I still get nothing in dmesg, though.

DBelton
27th September 2012, 04:10 AM
You have a Hauppauge card?

Have you tried installing the cx18-firmware?

stevea
27th September 2012, 07:12 AM
Proprietary modules is NOT the problem.

If you look at the screenshot for taint flags, the OP has the G and W flags set.
G means all modules are GPL'ed. (P means proprietary).
W means there was already a kernel problem reported.

http://www.kernel.org/doc/Documentation/oops-tracing.txt


'W' if a warning has previously been issued by the kernel.
(Though some warnings may set more specific taint flags.)
===========

I see you are getting a bunch of SIGSEGVs for processes.
Is you DRAM OK ? It could cause this problem too.
install 'memtest86+' package and boot it, let it run a few FULL cycles or overnight.
This *might* cause the other problem, but that's iffy.
===========

This bug in systemd-devd seems to be the cause of the taint, not the abrt.


INFO: possible recursive locking detected ]
3.6.0-0.rc6.git2.1.fc18.x86_64 #1 Tainted: G W
---------------------------------------------
systemd-udevd/429 is trying to acquire lock:
(hdl->lock){+.+...}, at: [<ffffffffa02a685e>] find_ref_lock+0x2e/0x60 [videodev]
but task is already holding lock:


I strongly urge you report that one to bugzilla.redhat.com
It looks serious and could impact a lot of others.
Linux is a community effort and you an do your bit by reporting problems.

The traceback is through the v4l2 video code, so I suspect it's your vid cam driver
probe code. You might try blacklisting the driver for it, disconnecting it,
whatever, as test. The driver is either cx18 or cx18-alsa

You can add the lines
blacklist cx18
blacklist cx18-alsa
to /etc/modprobe.d/blacklist.conf and reboot to test if that fixes it.
You won't have access to the camera.
===========

Your kernel abort problem originated in lib/dma-debug.c which is part of the kernel DMA routines.
There may be a bug in one of the drivers vs your chipsets. The disk drivers and enet drives are top of the list. *maybe* your camera.

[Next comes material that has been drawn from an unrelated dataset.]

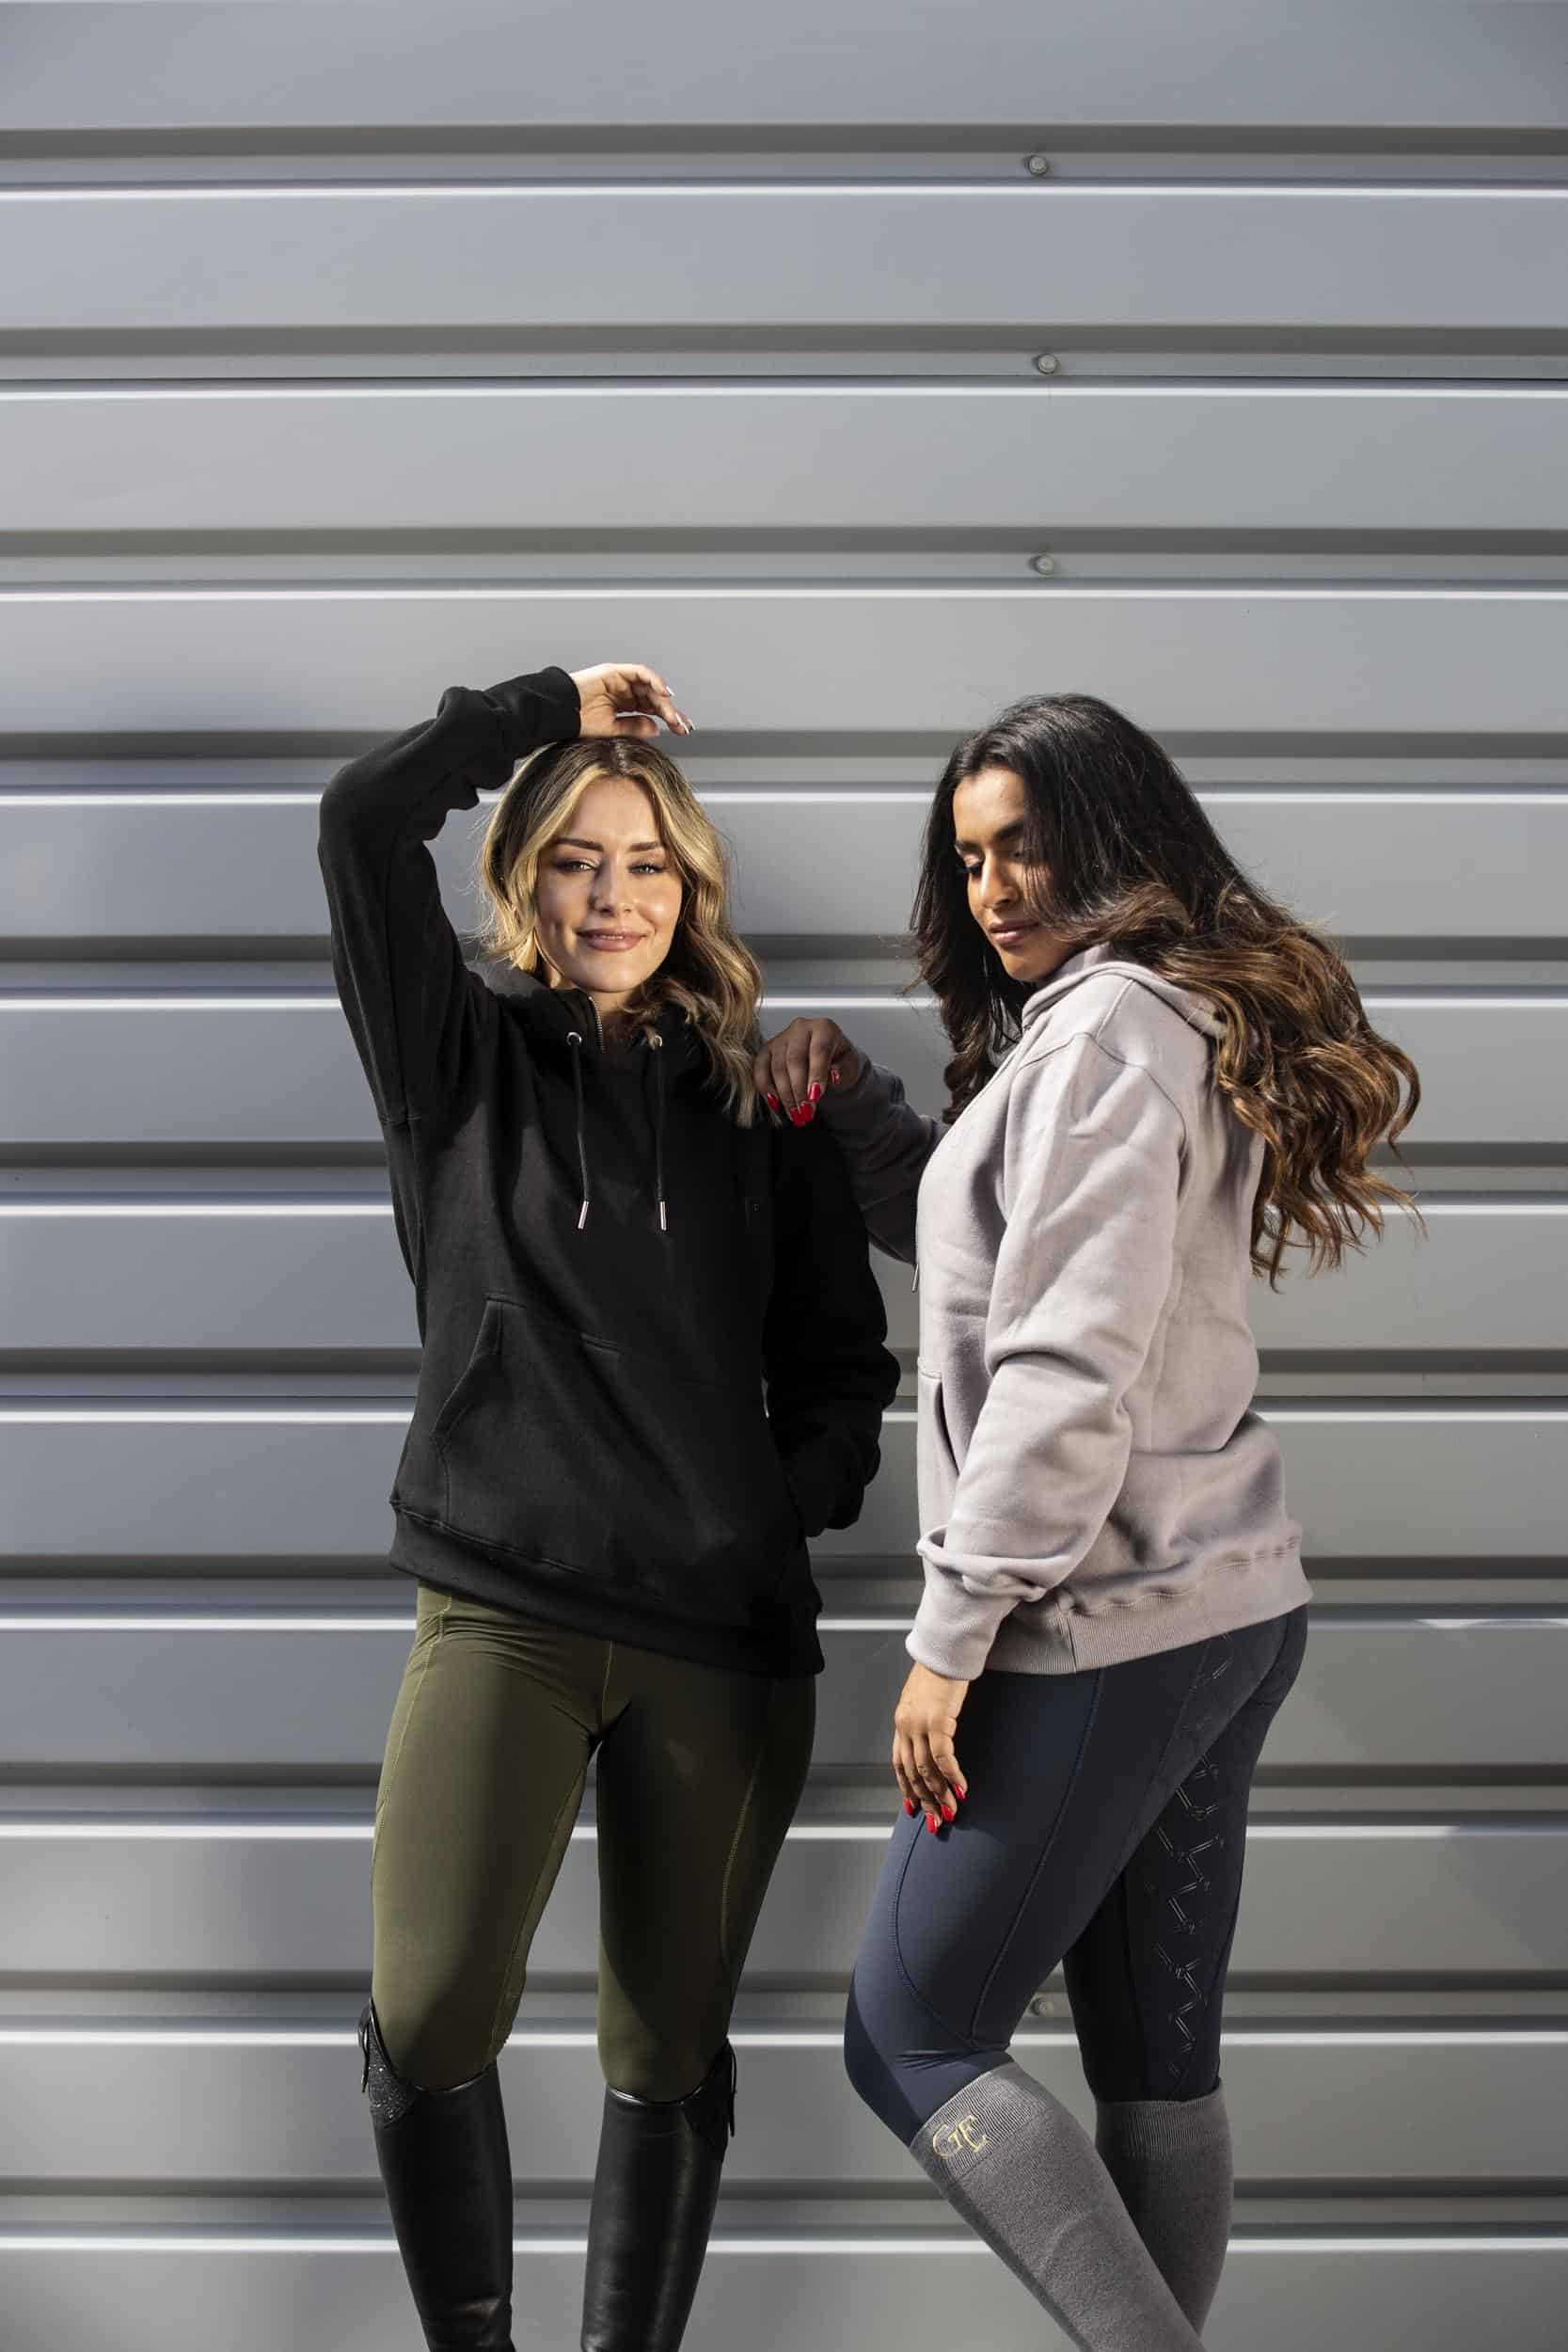 Two models standing next to each other. The model on the left is wearing our black hoodie and khaki riding shorts. The model on the right is wearing our taupe grey hoodie and navy riding leggings.

Try booting w/o some parts or drivers if you can.

If the above don't work out post the output of
dmesg
lsmod
lspci -nnk

---------- Post added at 02:12 AM ---------- Previous post was at 01:21 AM ----------

After scanning the kernel, it seems that probe/traceback was likely from the cx18-alsa driver which includes 'av hardware, specifically a sound system. The error is the result of the setup of the 'av' hardwaare. It really is possible that that failure caused the dma-debug abort later.

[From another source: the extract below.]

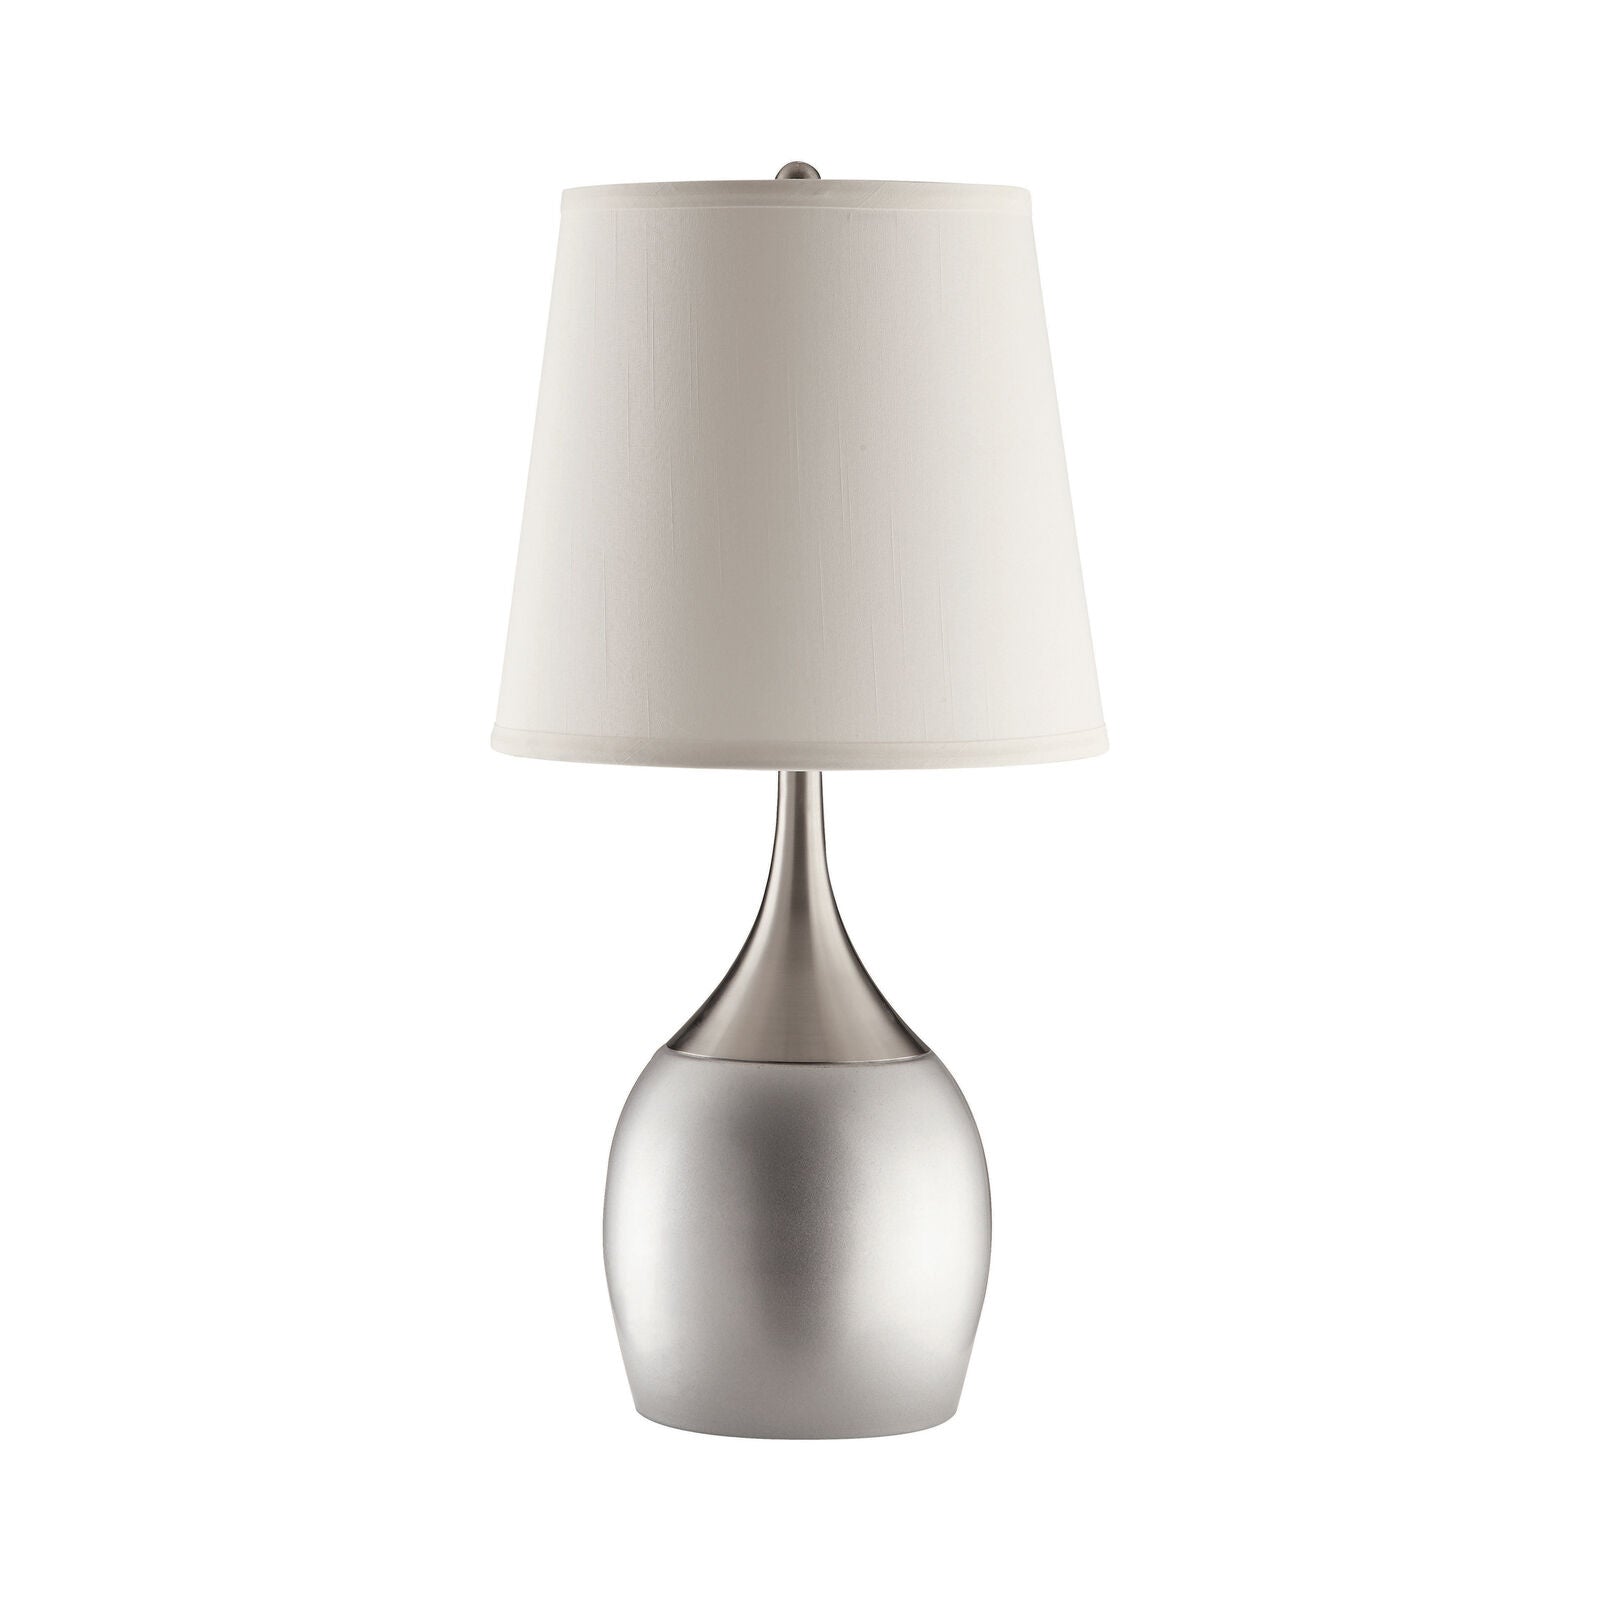 Empire Teardrop Shade Table Lamps Silver and Chrome (Set of 2)

Most likely the cx18-alsa driver has a problem.

dcharlespyle
27th September 2012, 12:55 PM
You have a Hauppauge card?

Have you tried installing the cx18-firmware?

Yes and yes to both questions. It still happens with the 3.6 kernels but not the 3.5 kernels (now gone from the /boot directory due to updates).

A recent set of updates just made my system go loopy so I have to for the moment reply to this using Windows...unfortunate.

---------- Post added at 05:55 AM ---------- Previous post was at 05:50 AM ----------


I strongly urge you report that one to bugzilla.redhat.com
It looks serious and could impact a lot of others.
Linux is a community effort and you an do your bit by reporting problems.

I have tried but the application would not allow it. I would have to do that manually on the website. I will try the other suggestions as soon as I can get my Linux installation to run without freezing on me repeatedly. That behavior started after applying a number of updates. No errors in the updating process but plenty afterward. Lots of new SELinux denials, too. Well, I did click the "I accept my fate" button, now didn't I?

stevea
28th September 2012, 05:16 AM
Check your dram
try the blacklist

dcharlespyle
28th September 2012, 08:24 AM
Blacklisting failed. It still loads. The same is the case for the bluetooth and bnep drivers I tried blacklisting. Checking dram tonight.

stevea
28th September 2012, 08:54 AM
Hmm something wrong about the blacklist not working. Unless maybe it's in the initramfs and you'll have to remove & reinstall the kernel (w/ the blacklist in place) to fix.

dcharlespyle
28th September 2012, 12:57 PM
Looks like I can't run the memtest, either. I am logged on as root and am getting all sorts of 'permission denied' errors.

jpollard
28th September 2012, 02:19 PM
memtest is a very tiny kernel that does nothing but exercise the CPU/memory.

Frequently you can boot it from either the install disk/rescue disk, or (if it is installed) from the grub menu.

DBelton
28th September 2012, 02:53 PM
memtest86+ has to be booted using it's own kernel. I don't believe you can run it from a running kernel.

You have to run memtest-setup and it will put an entry in your grub2 menu to boot it if you installed it to your F18 install. Or you can run it from the install media.

but, the kernel module (for cx18) may have been built into your initramfs. To blacklist it, you may have to blacklist the module, then rebuild the initramfs with dracut. Memtest doesn't use a initramfs.

You can try rebuilding your initramfs after you blacklist the module.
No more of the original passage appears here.